EXERCISE OBJECTIVE = In the entries below, find the line containing "Tariq yousuf also" and the line containing "Apothic Rose 750ml NV". Copy those two lines and everything between them exactly, without the pictures.

INFORMATION GIVEN =
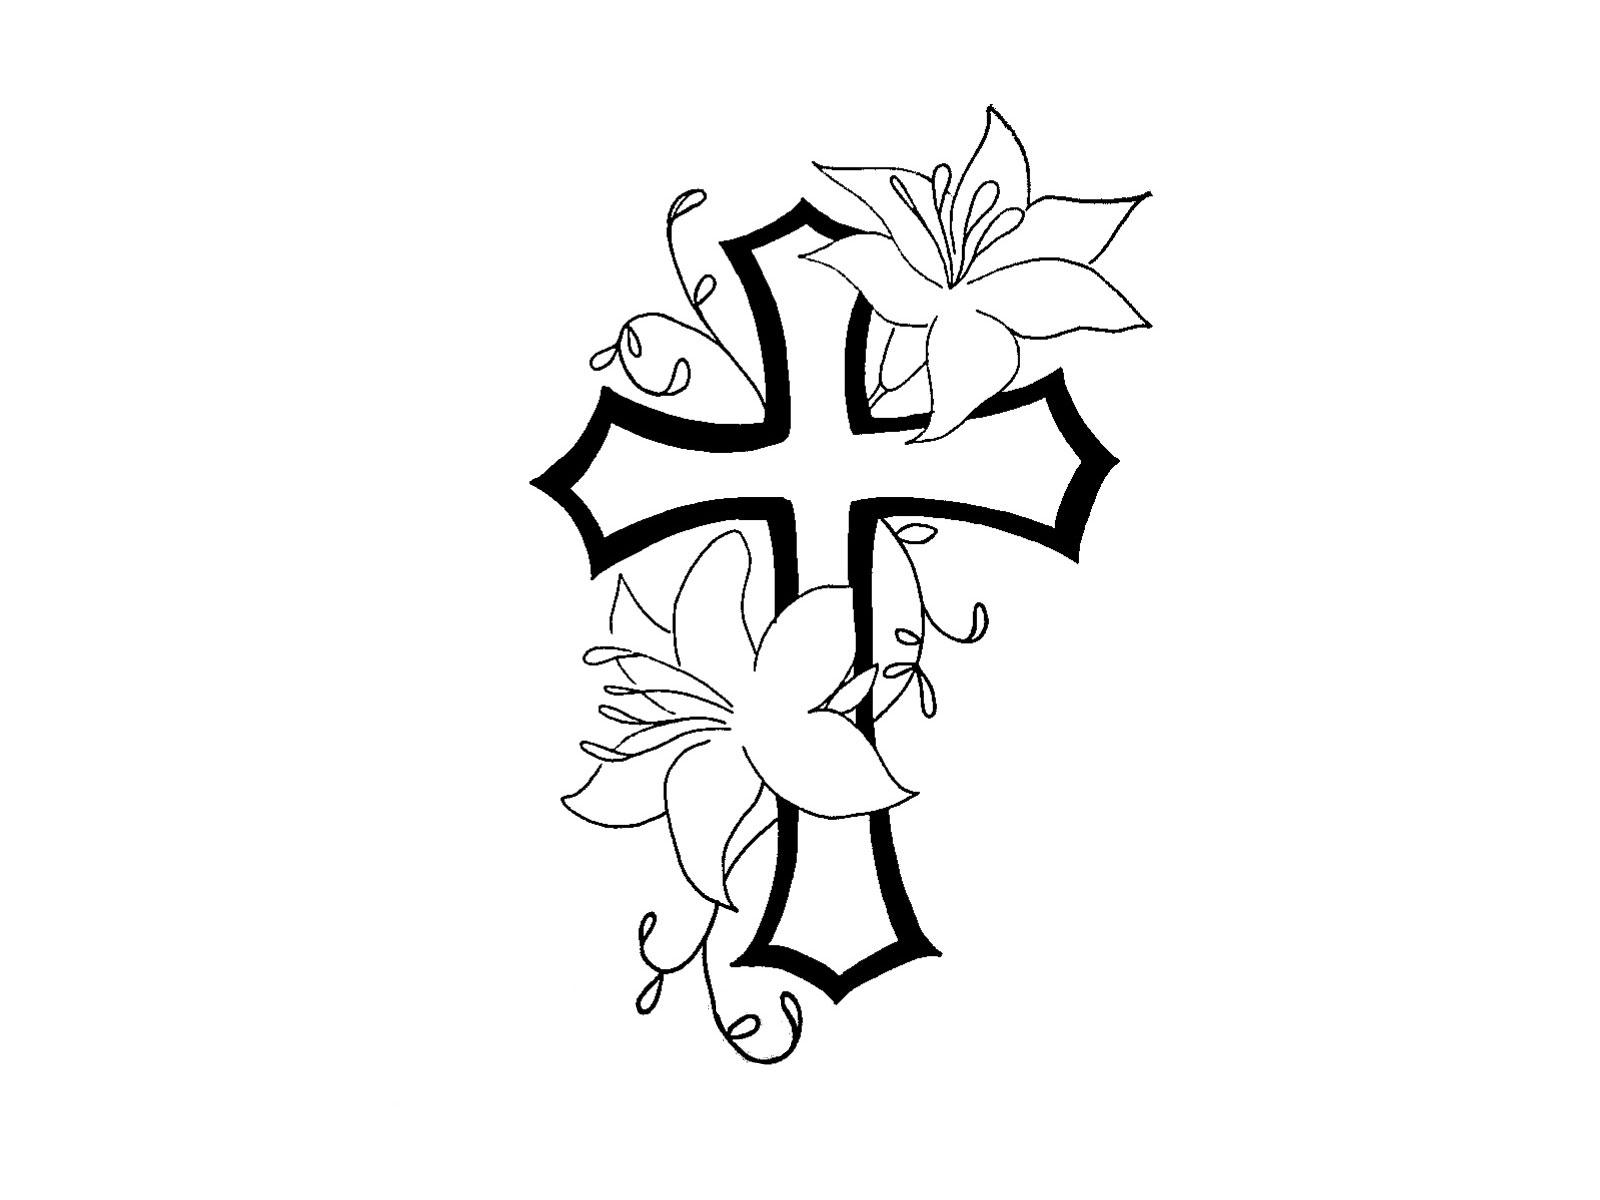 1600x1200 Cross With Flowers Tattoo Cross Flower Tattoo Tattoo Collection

...

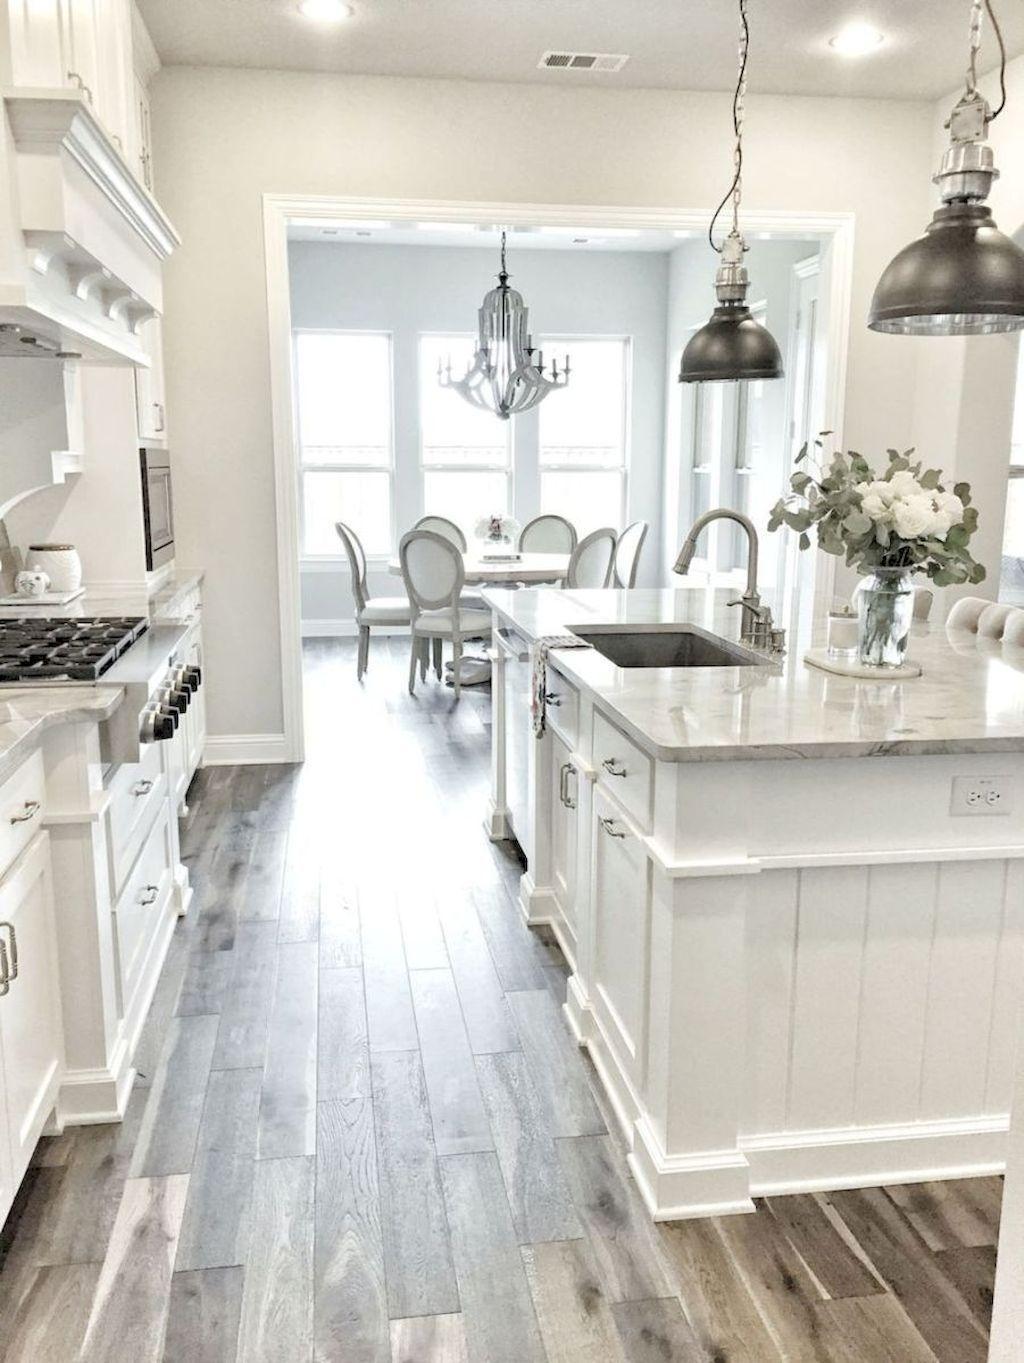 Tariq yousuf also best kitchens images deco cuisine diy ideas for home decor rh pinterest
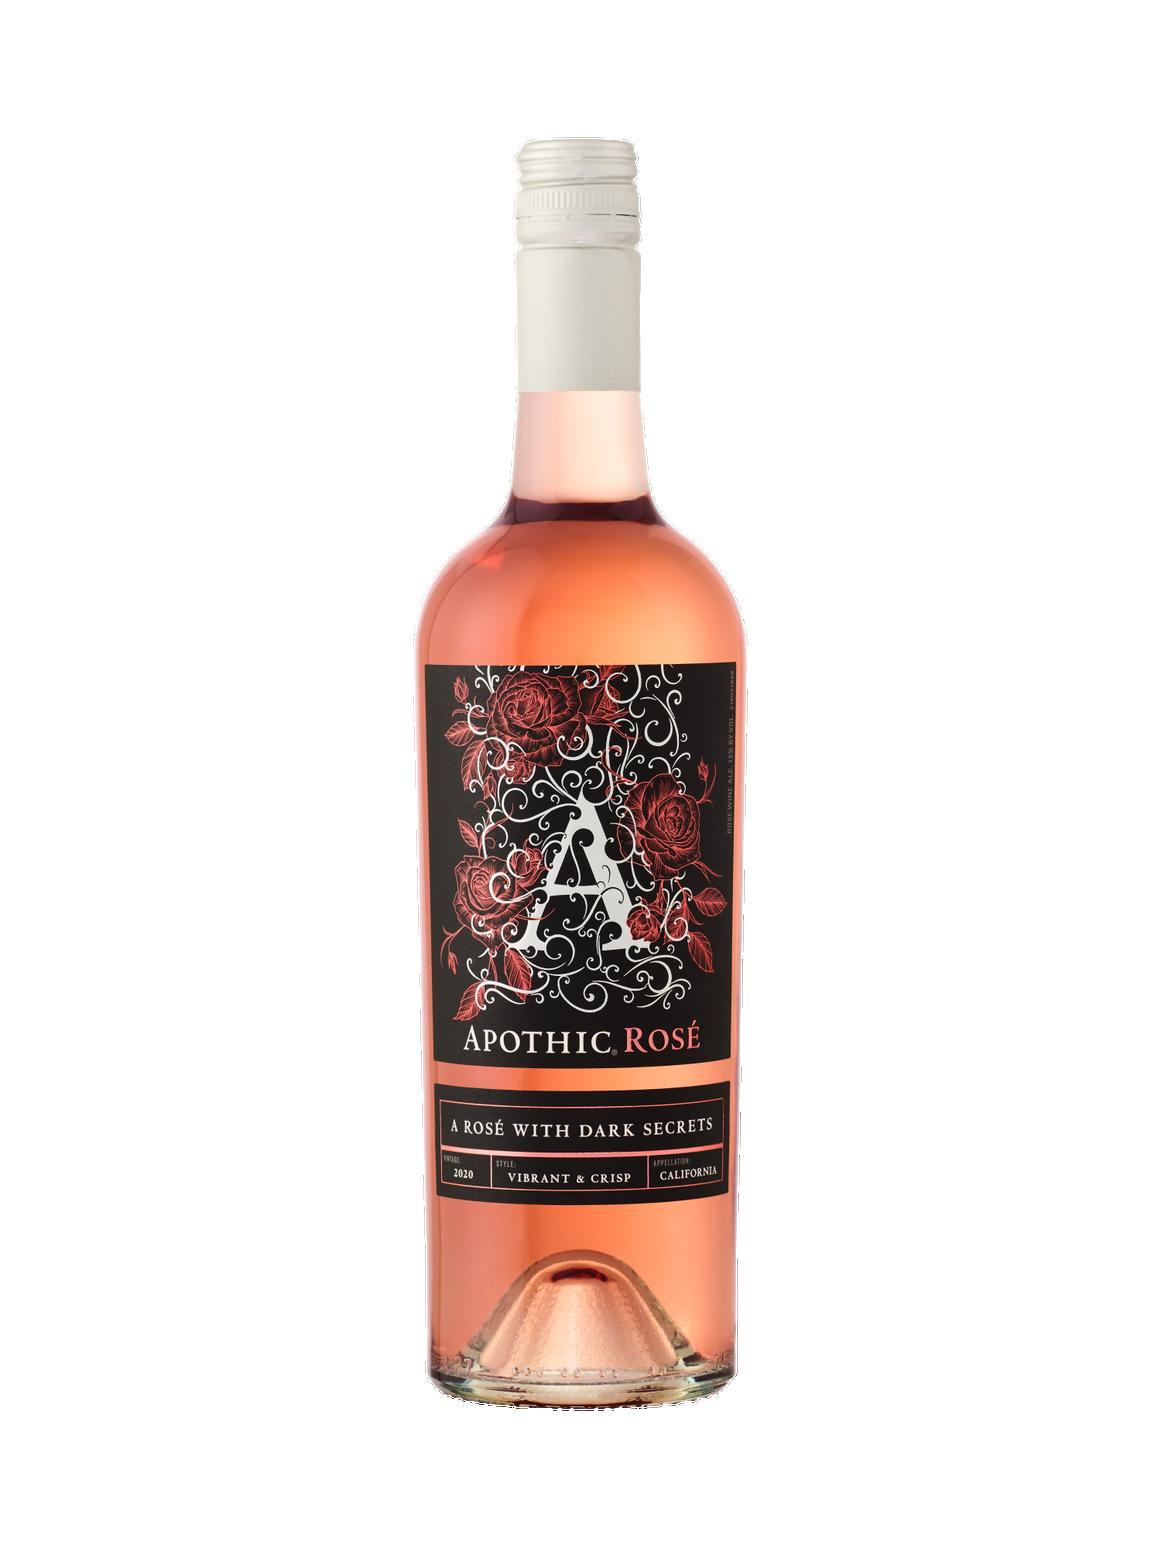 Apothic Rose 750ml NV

--

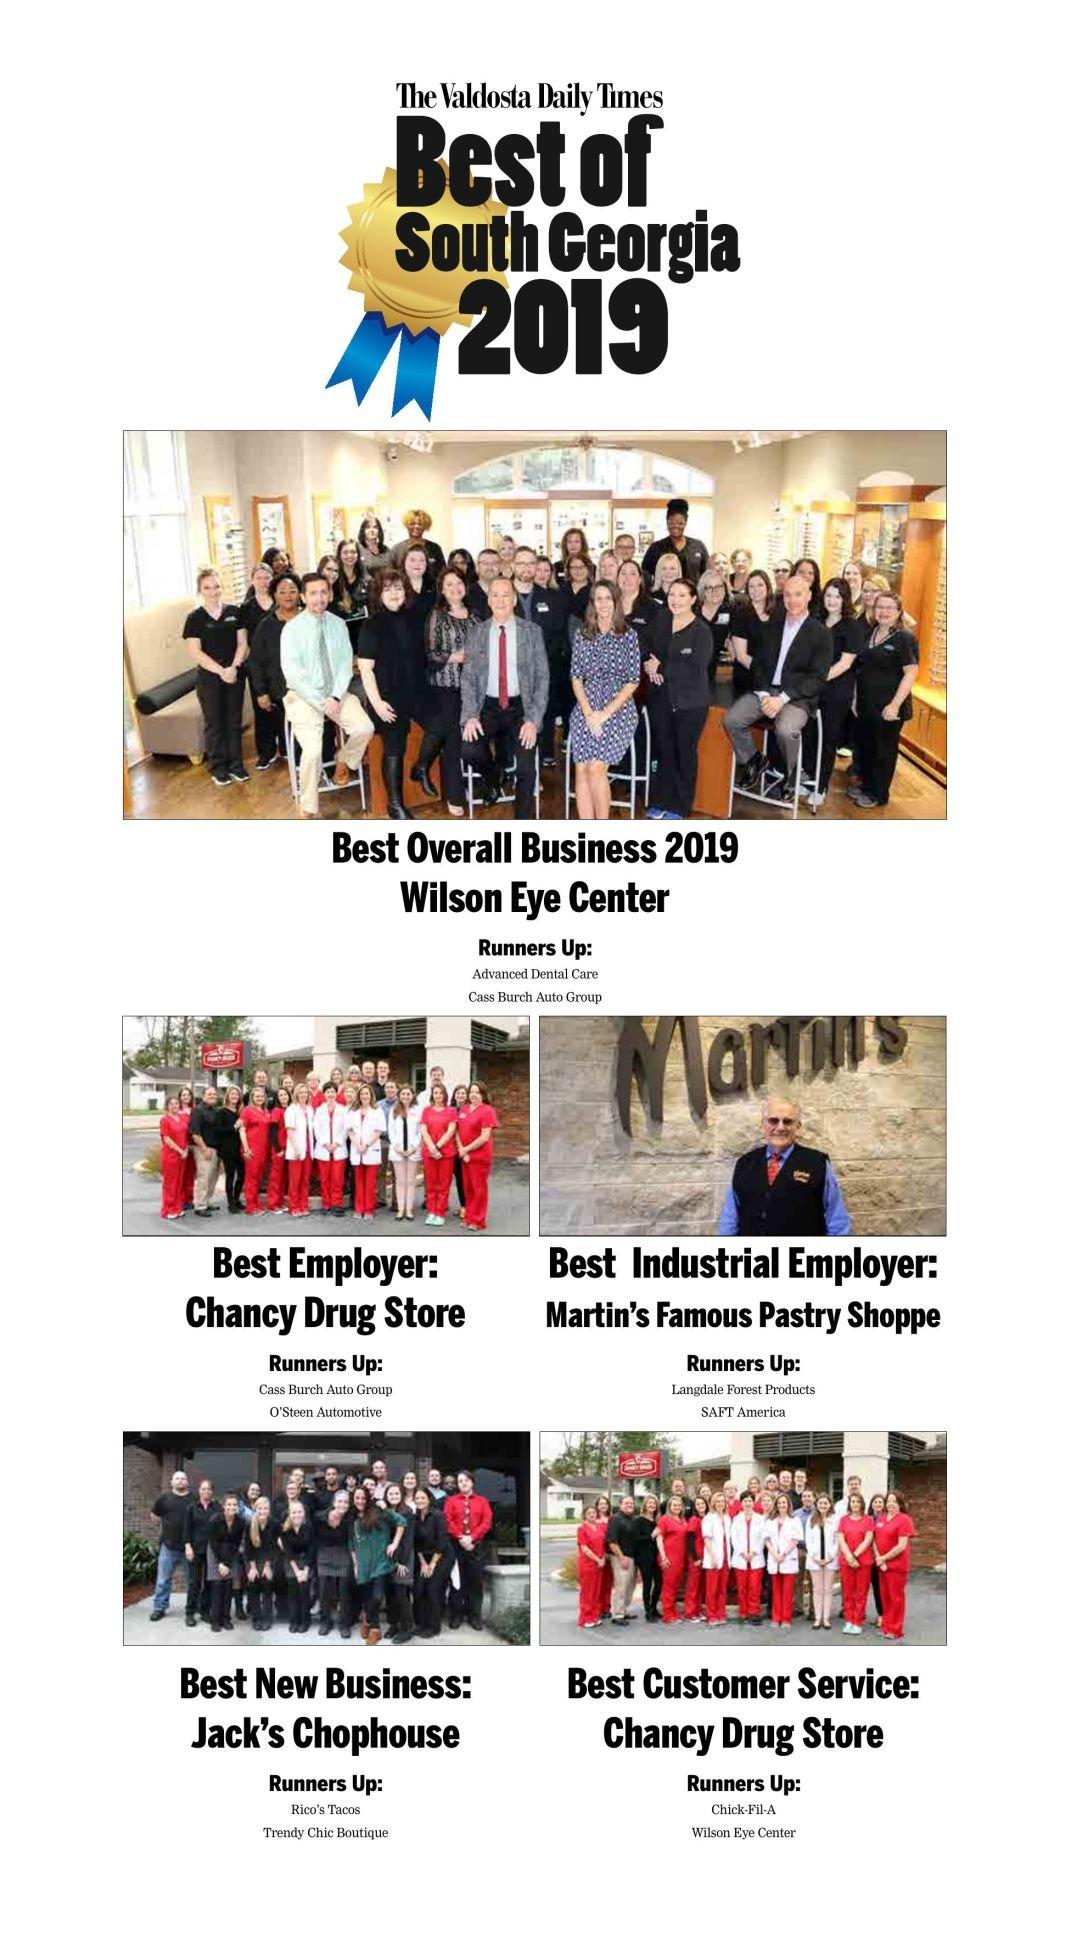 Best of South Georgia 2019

RESULT OF THIS TASK =
 Tariq yousuf also best kitchens images deco cuisine diy ideas for home decor rh pinterest
 Apothic Rose 750ml NV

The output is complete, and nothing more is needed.